Pineapple Upside Down Cupcakes



Really, it was my own fault. For my 1960’s themed birthday party, I decided to make-you guessed it-1960’s themed appetizers. In addition to a number of delightful hors d’ oeuvres like ham wrapped dill pickles and cheese olive skewers (really, did people in the 60’s have no tastebuds???), I also made little smokie-pineapple-maraschino cherry skewers. Yeah. Those were a hit, let me tell you. I guess I thought I was making enough appetizers for a small army because I purchased the commercial sized can of pineapple chunks from Costco. Who buys those things? Even after making 50 or so of my oh so delicious (no, just weird) and incredibly popular (not so much) skewers, I had 2/3 of this huge can left.

Pineapple Upside Down Cupcakes



What do you do with that much pineapple?


Duh! You make pineapple upside down cupcakes, of course!


Pineapple Upside Down Cupcakes



Since I couldn’t find a recipe that really fit my vision, it would have been much easier to just make a pineapple upside down cake. But, we were headed to a supper club party and the idea of individual cupcakes seemed to fit much better. So, I winged it.

Pineapple Upside Down Cupcakes



Combining a few different recipes, here’s what I came up with.

Pineapple Upside Down Cupcakes

Pineapple Upside Down Cupcakes

I used 3 different recipes from Southern Cakes and got the idea for how to make the caramelized bottom(top) from Delish
For the caramelized bottom:
12 Tablespoons dark brown sugar
12 Tablespoons butter
24 pineapple chunks (reserve pineapple syrup for the cake batter)
12 maraschino cherries
Preparation:
Preheat oven to 350. Line a cupcake pan. Place 1 T of brown sugar and 1 T of butter in each cupcake liner. Cook until mixture has caramelized, about 10 minutes. Place 2 pineapple chunks and 1 cherry in each liner. Set aside.
For cake:
1 1/2 cups flour
3/4 cups sugar
1 1/2 t baking powder
1/2 t salt
1/2 cup milk
4 T butter, softened
1 egg
1 t vanilla extract
2 T pineapple syrup
Preparation:
In a large mixing bowl, combine the flour, sugar, baking powder and salt. Use a fork to mix them together well. Add the milk and butter and beat well with a mixer at medium speed, scraping down the side of the bowl once or twice until you have a thick, fairly smooth batter (1-2 minutes). Add the egg, pineapple syrup and the vanilla. Beat for 2 minutes, scraping down the bowl once or twice.
Carefully pour the batter in the cupcake liners, filling each normal-sized liner 2/3 full. Bake at 350 for 35-40 minutes, until the cupcakes are golden brown. Remove and cool.

For Filling:
20 ounces crushed pineapple, do not drain (I blended 20 ounces pineapple chunks in syrup)
2/3 cup sugar
3 T butter
3 T flour
salt
Preparation:
In a medium saucepan, combine the pineapple, sugar, butter, flour and salt and bring to a gentle boil over medium-high heat.

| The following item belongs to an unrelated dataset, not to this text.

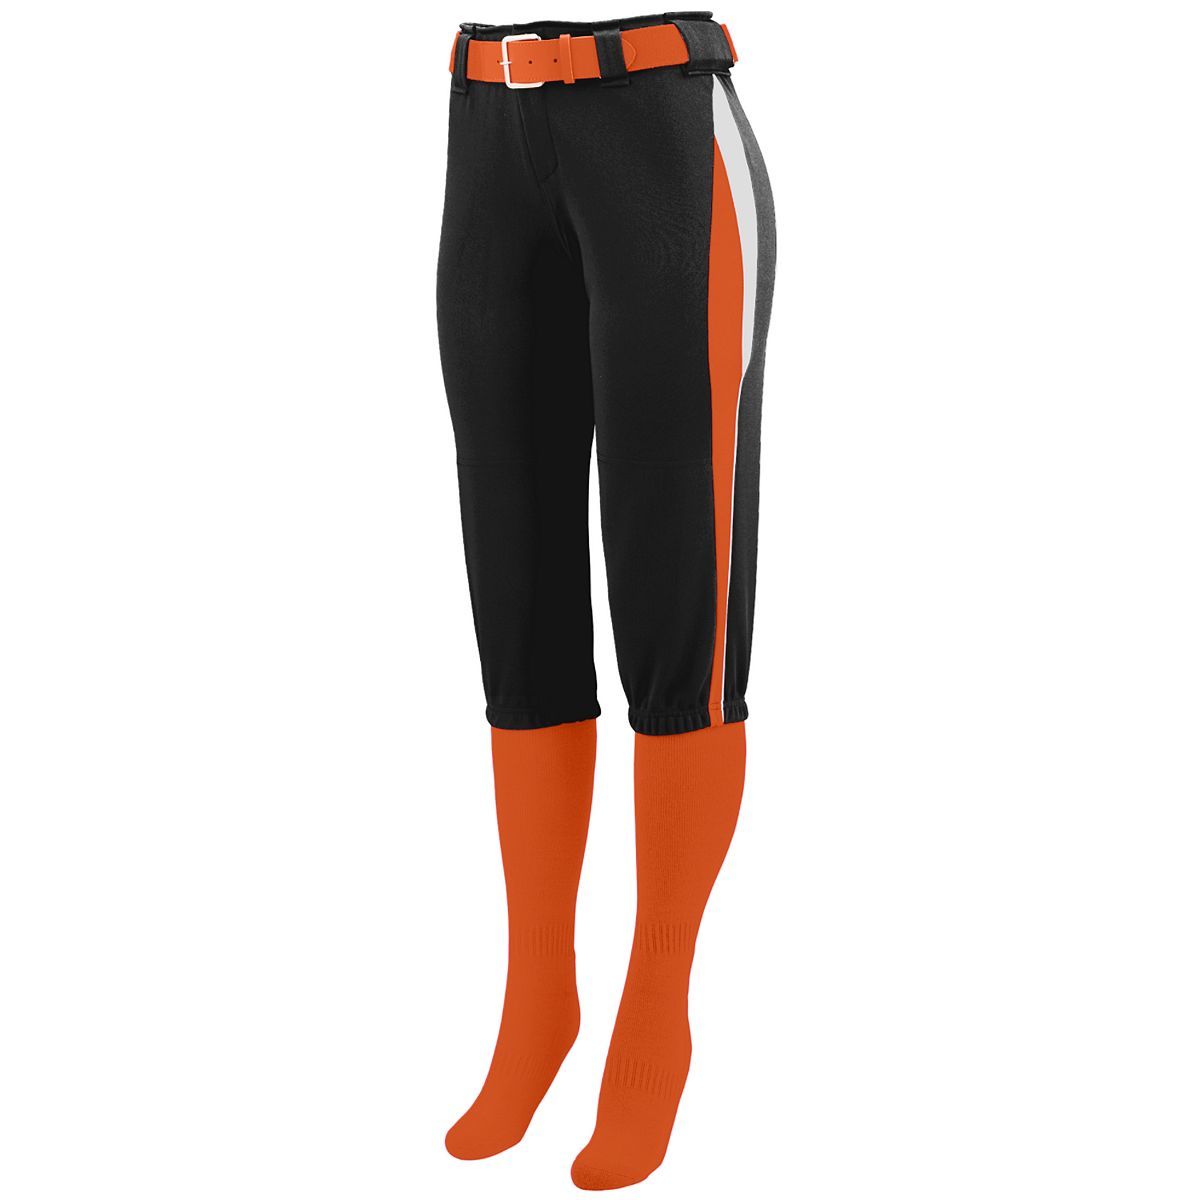 Augusta Sportswear Ladies Comet Pant in Black/Orange/White  -Part of the Ladies, Ladies-Pants, Pants, Augusta-Products, Softball product lines at KanaleyCreations.com

Reduce the heat to maintain a gentle simmer and cook for about 5 minutes, stirring often, until the butter melts and everything comes together into a chunky sauce. Remove from heat and allow to cool.
Meanwhile, cut out the center of your cupcakes. Using a small paring knife, cut holes in the center of your cupcakes–roughly 1/2 inch in diameter and 1 inch deep. Do not cut all the way to the caramelized bottom.
When filling is cool, fill cupcakes using the largest cap on your piping bag.
For Frosting:
1 cup milk
2 T flour
1 cup butter, softened
1 cup sugar
1 t vanilla
12 maraschino cherries
Preparation:
Combine the milk and flour in a small or medium saucepan. Cook over medium heat for 3-5 minutes, stirring often and well with a large spoon until the mixture becomes thick, shiny and white, like very softly whipped cream. Set aside to cool. To complete the frosting, beat the butter with a mixer at high speed until light and fluffy. Add the sugar in 3 batches, beating well each time. Add the vanilla and then the thick, cooled milk mixture. Beat for about 2 minutes more, stopping often to scrape down the bowl until the icing is fluffy and soft and thick enough to spread.
Spread frosting on cupcakes and top each with a cherry.



These were a huge hit!
You could make them without the frosting and filling and just tip them over to be true upside down cupcakes. That seemed a little boring to me, so I added all of the other business…
There’s so much going on here, but it all works to make an insanely delicious pineapple concoction.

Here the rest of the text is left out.